> [EXERCISE DATA]:
·····

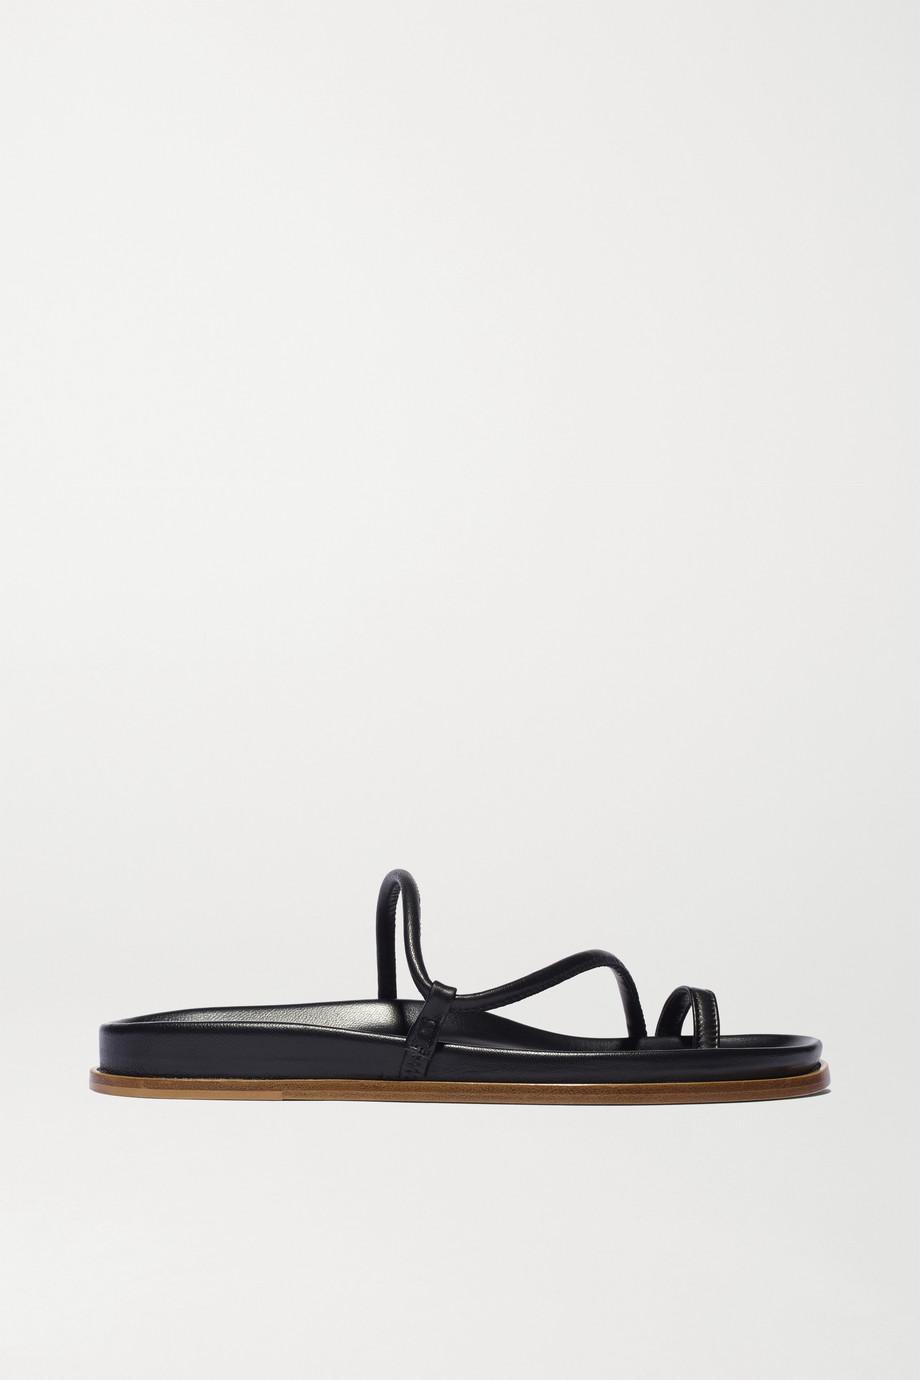 Emme Parsons Bari 皮革凉鞋
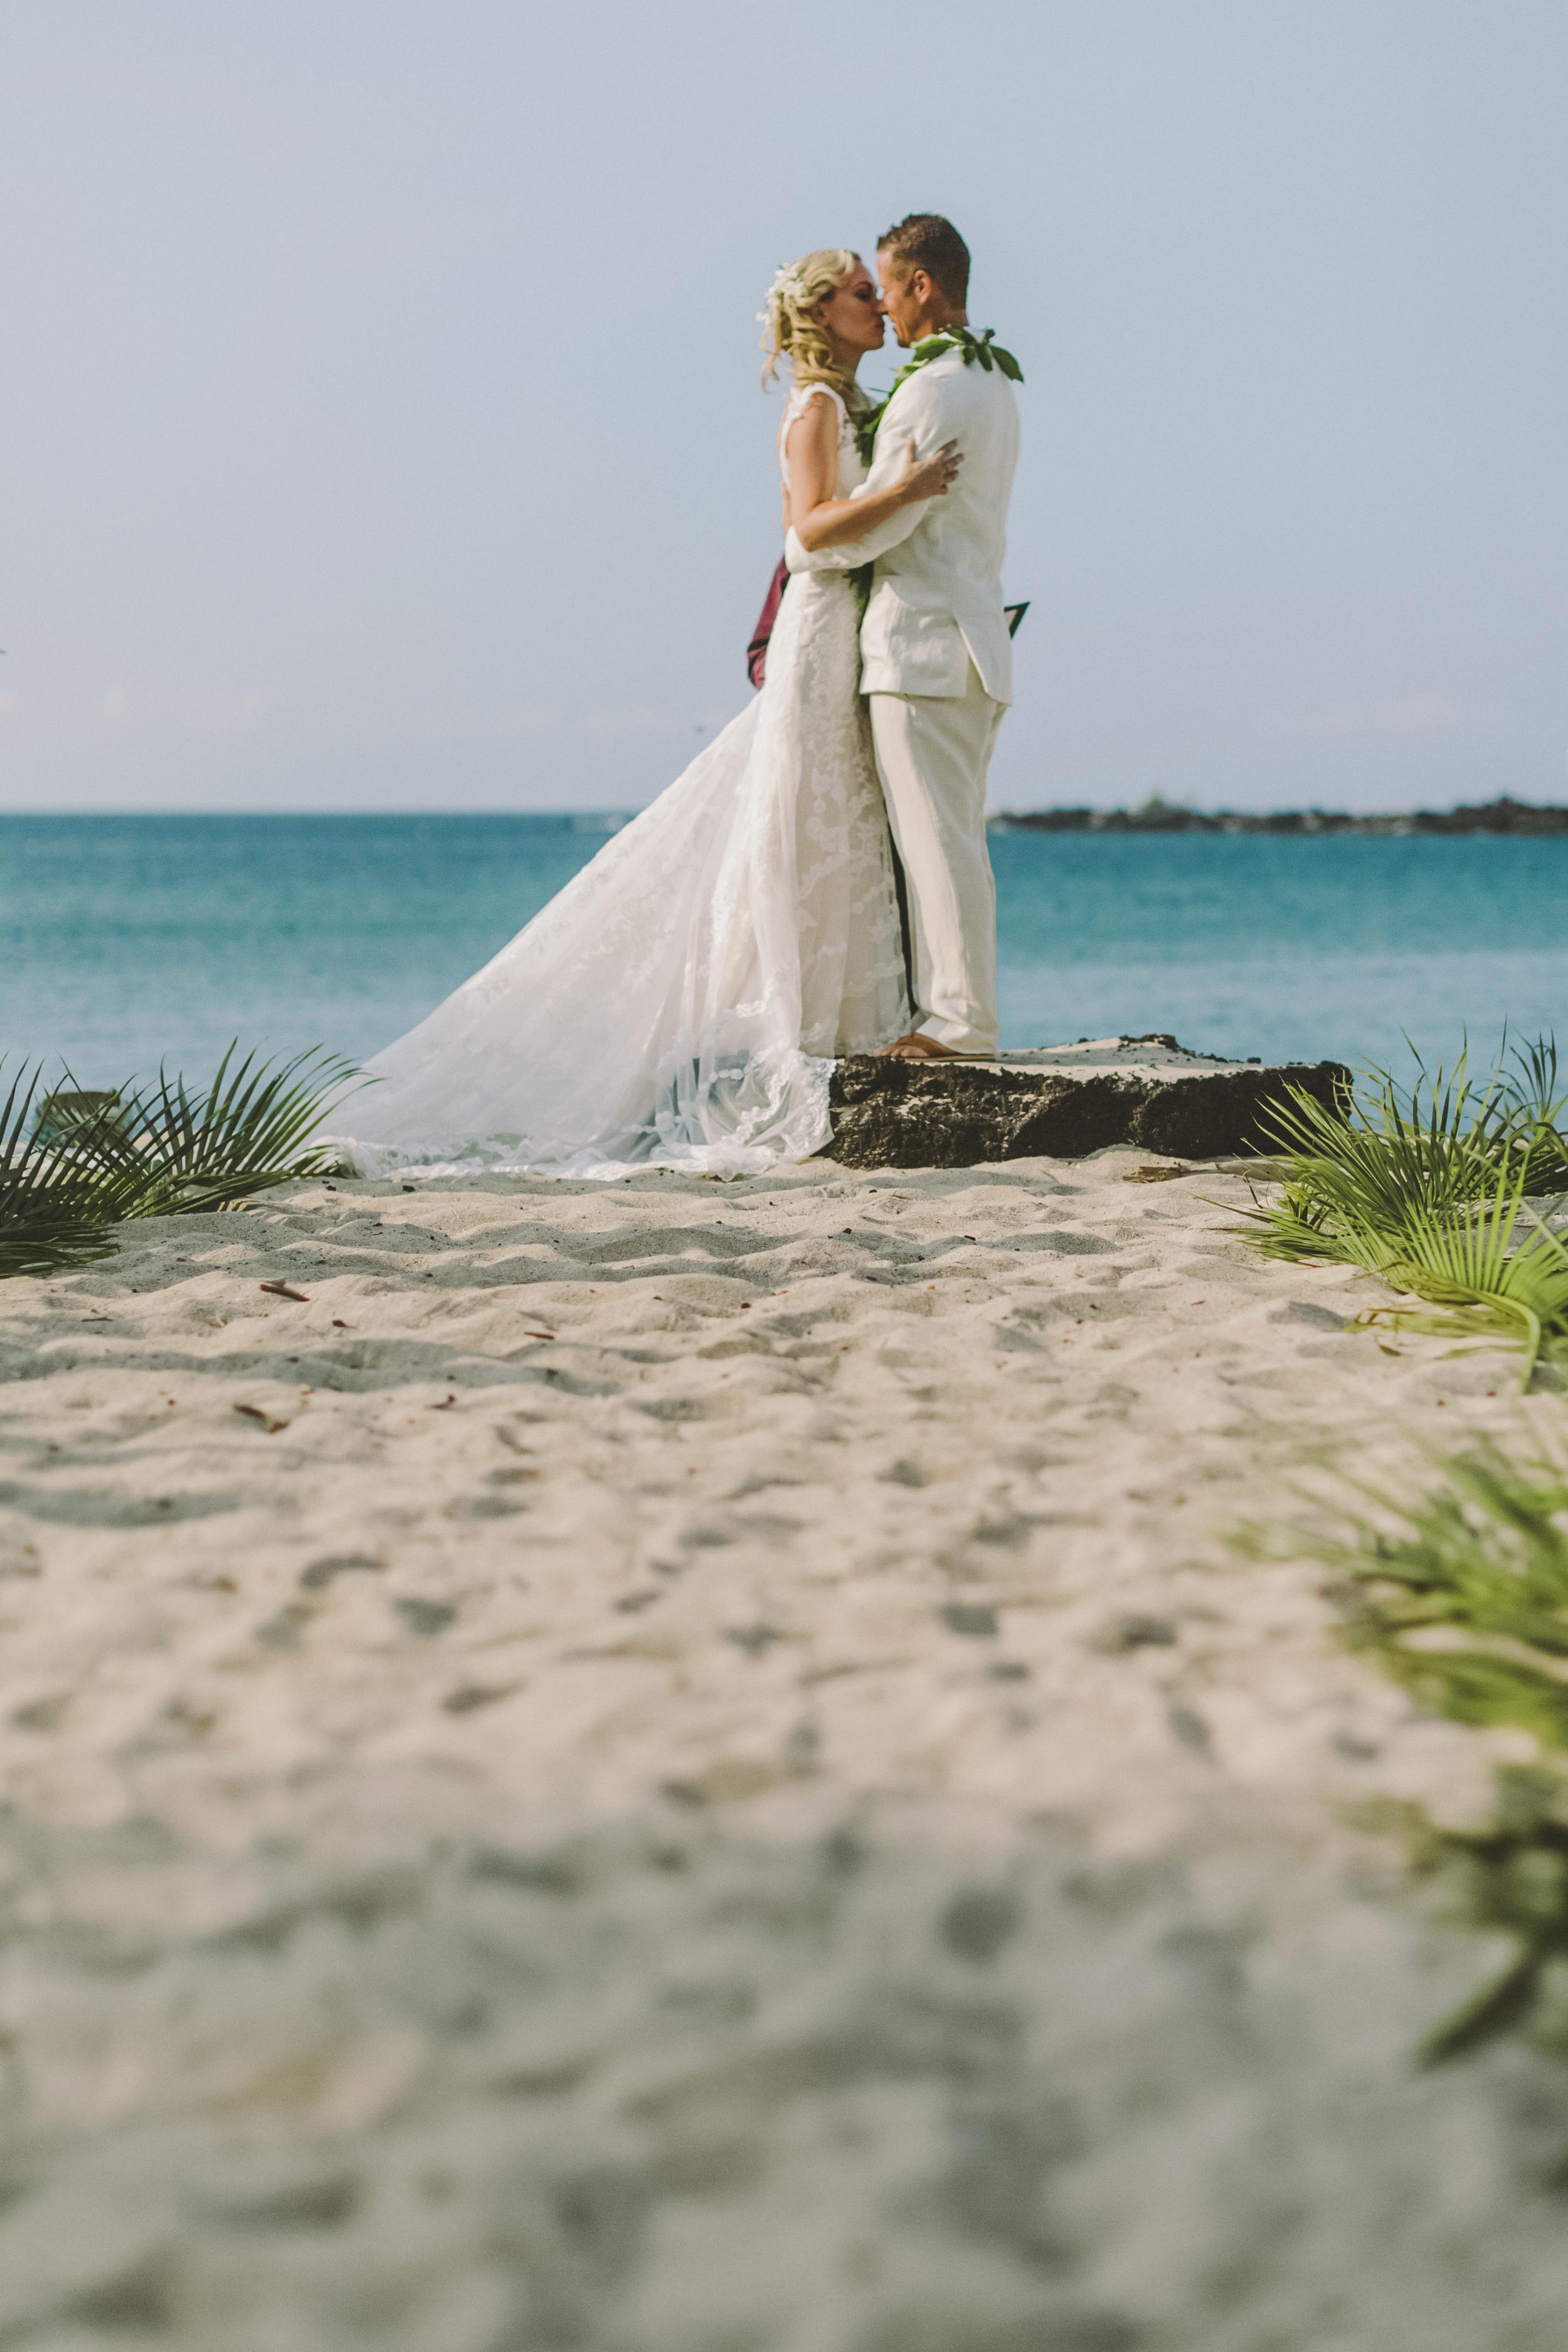 angie-diaz-photography-hawaii-wedding-photographer-kelli-jay-77.jpg
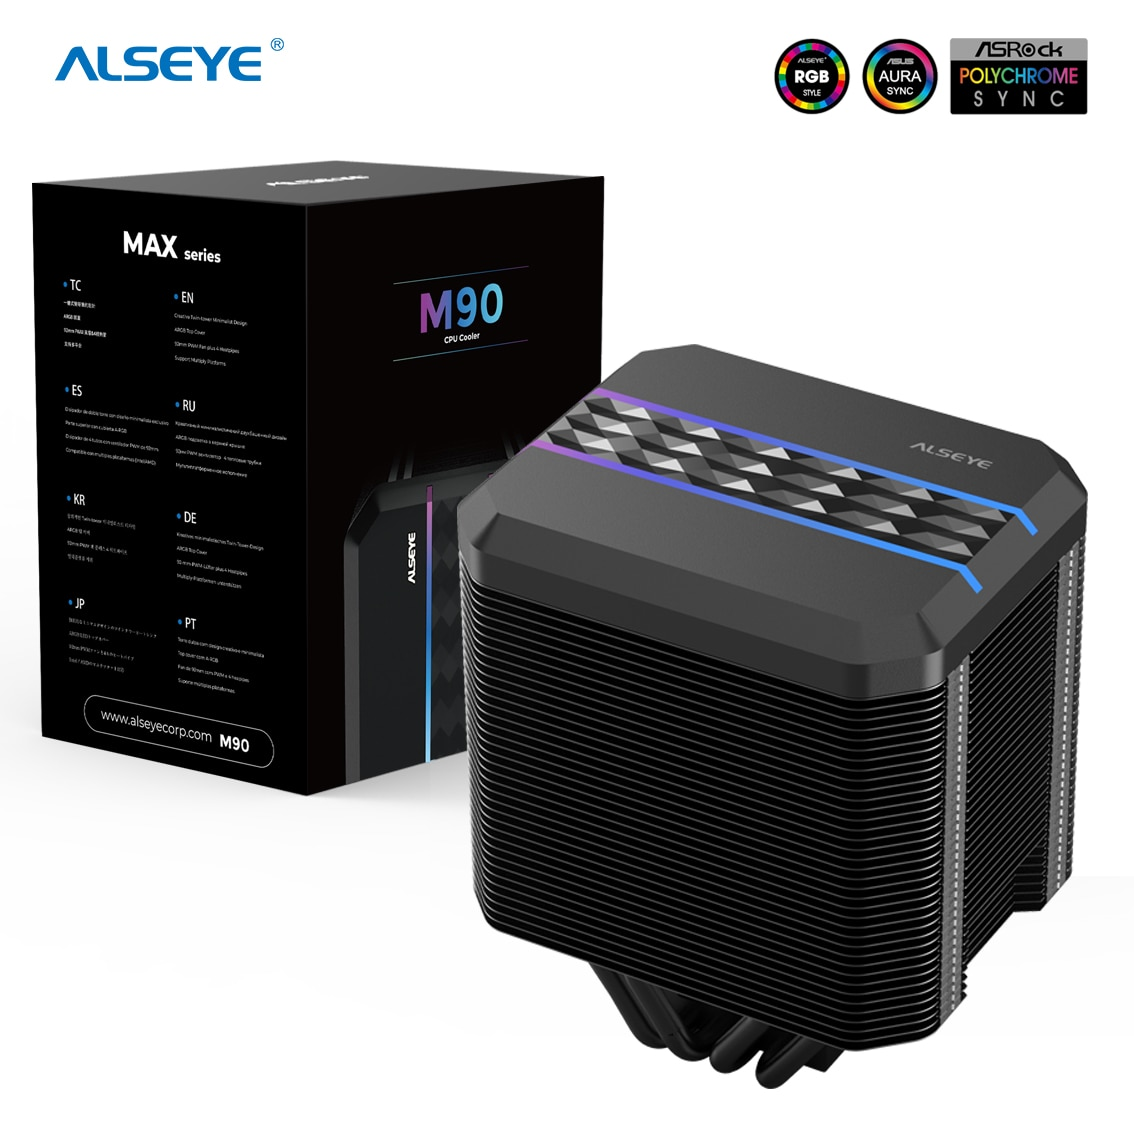 ALSEYE M90 CPU مروحة برودة PWM 90 مللي متر 4 دبوس 4 أنابيب الحرارة برودة دعم X99 اللوحة ل LGA 775 115x1366 2011 AM2 + AM3 + AM4
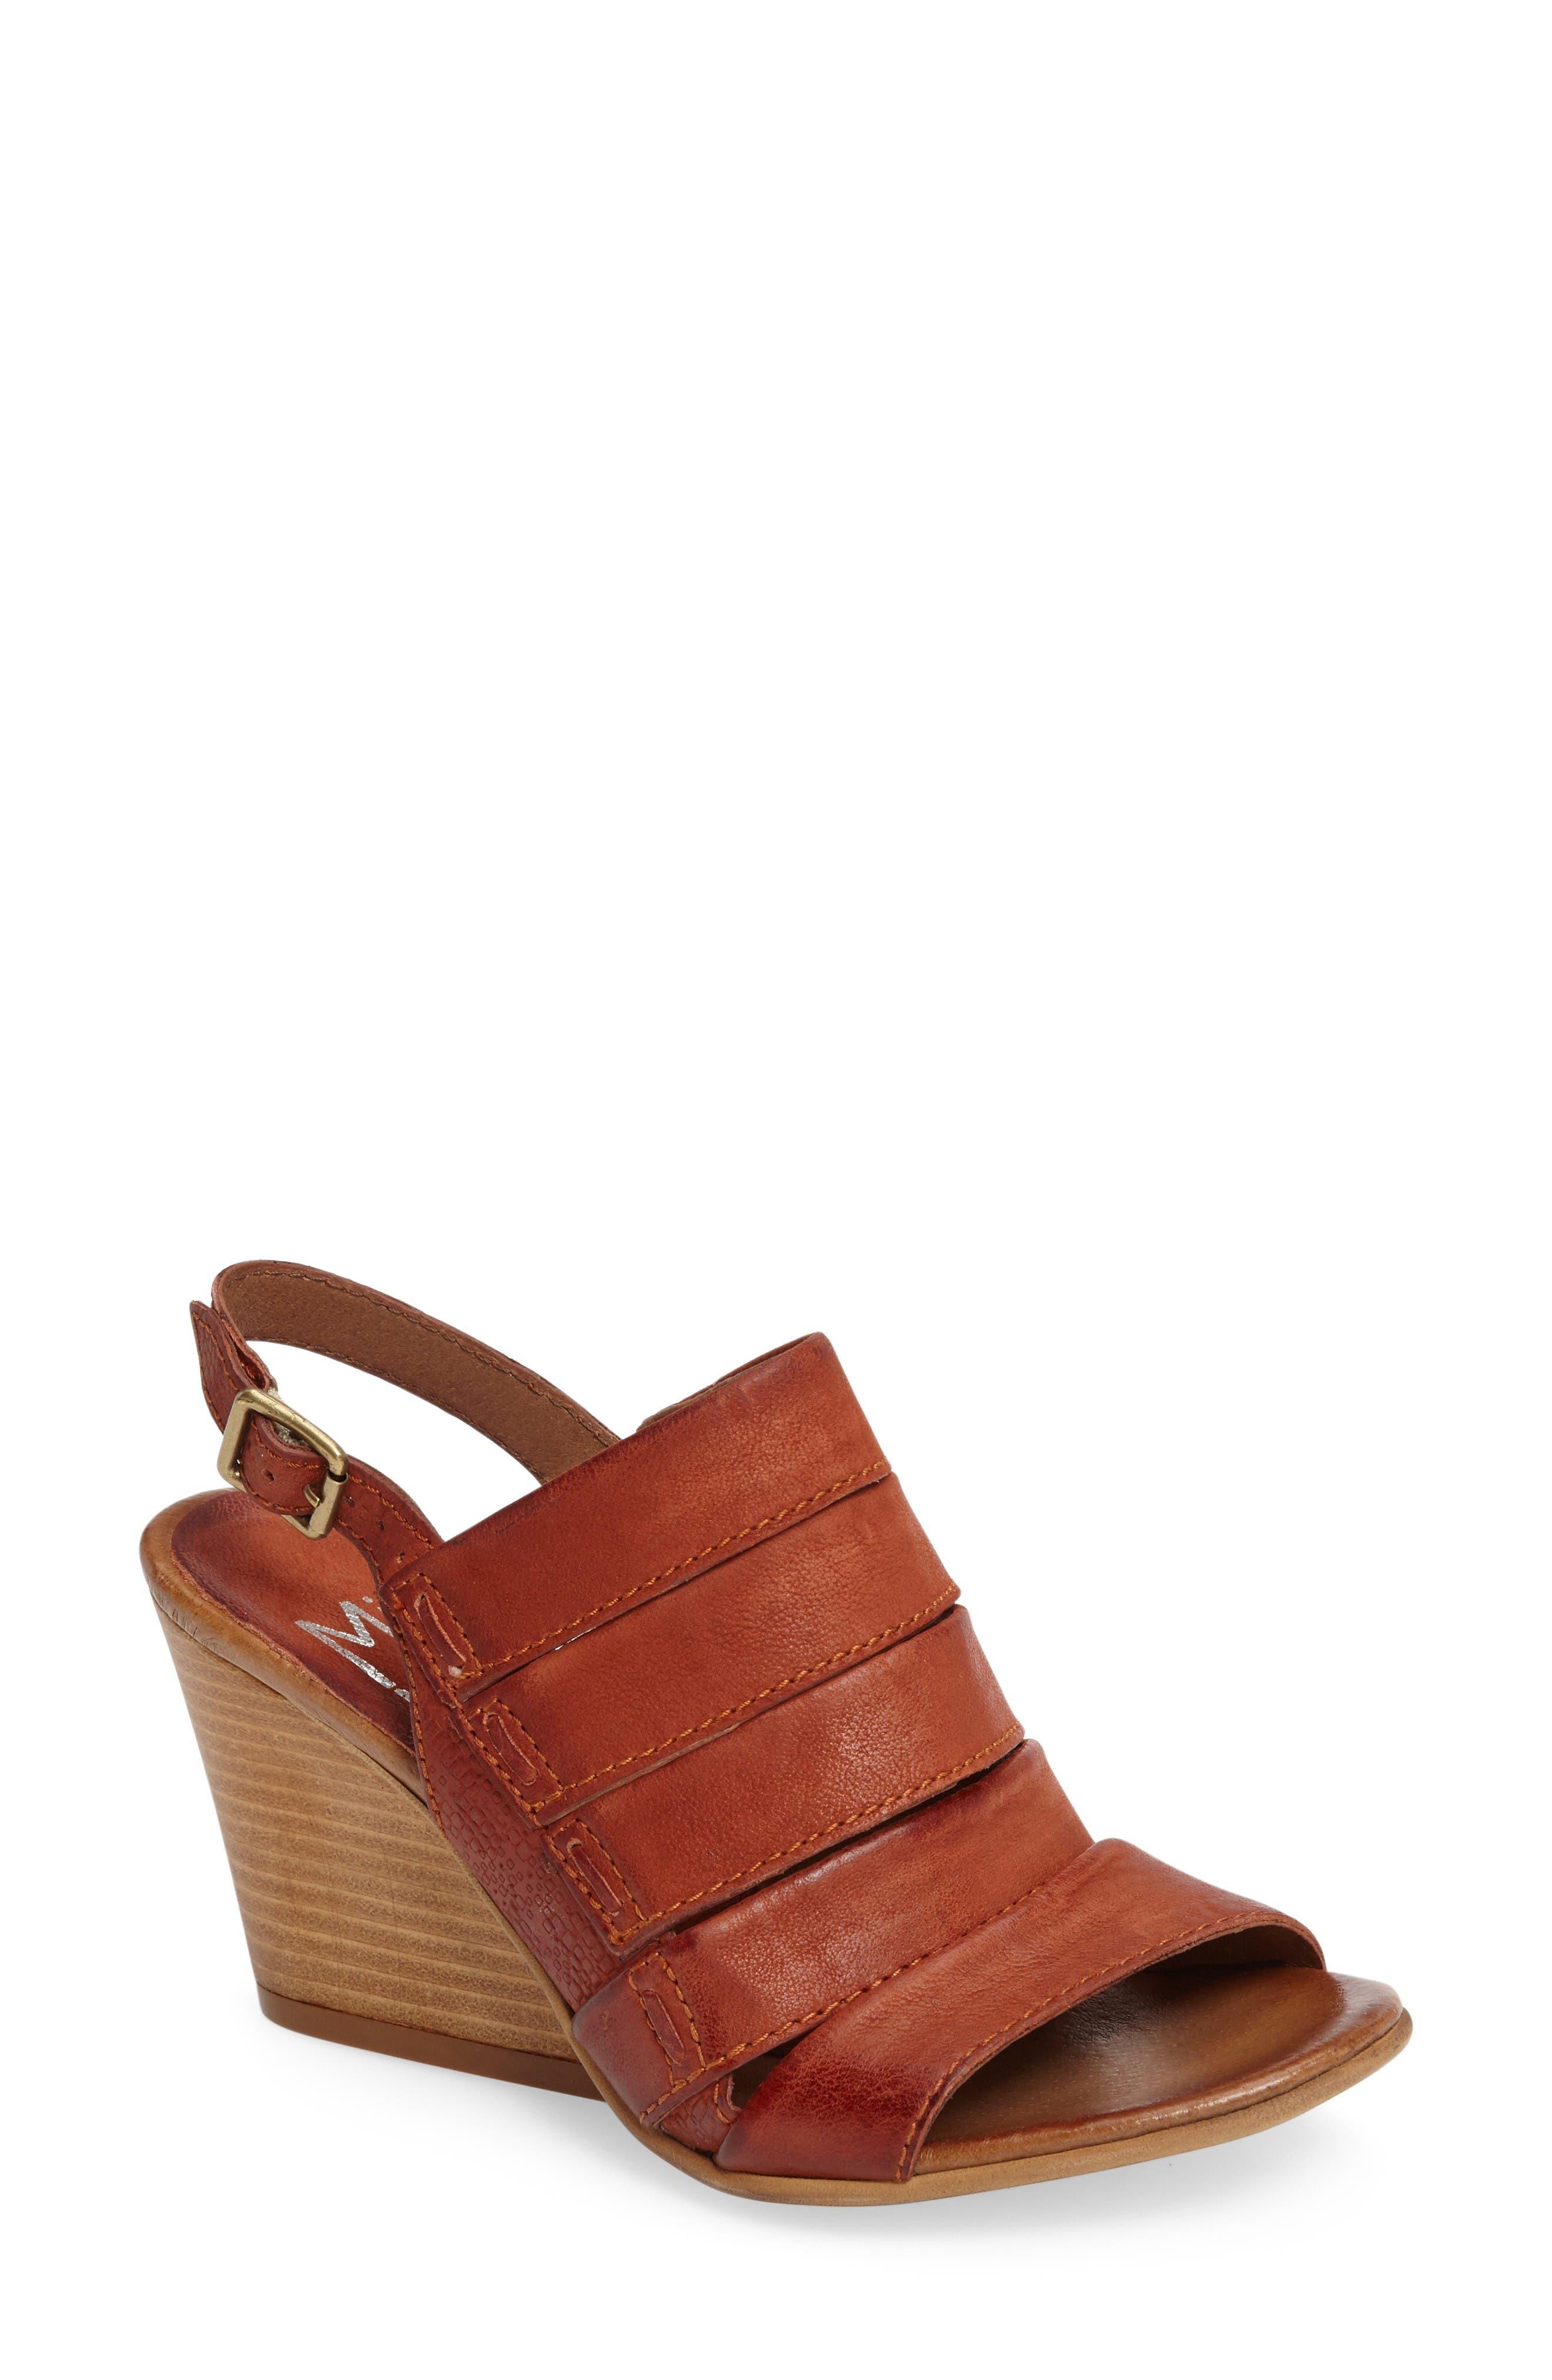 Main Image - Miz Mooz Kenmare Wedge Sandal (Women)

·····

Your copy should match the material above exactly, minus its pictures.

> [OUTPUT OF THE EXERCISE]:
 Emme Parsons Bari 皮革凉鞋
 angie-diaz-photography-hawaii-wedding-photographer-kelli-jay-77.jpg
 ALSEYE M90 CPU مروحة برودة PWM 90 مللي متر 4 دبوس 4 أنابيب الحرارة برودة دعم X99 اللوحة ل LGA 775 115x1366 2011 AM2 + AM3 + AM4
 Main Image - Miz Mooz Kenmare Wedge Sandal (Women)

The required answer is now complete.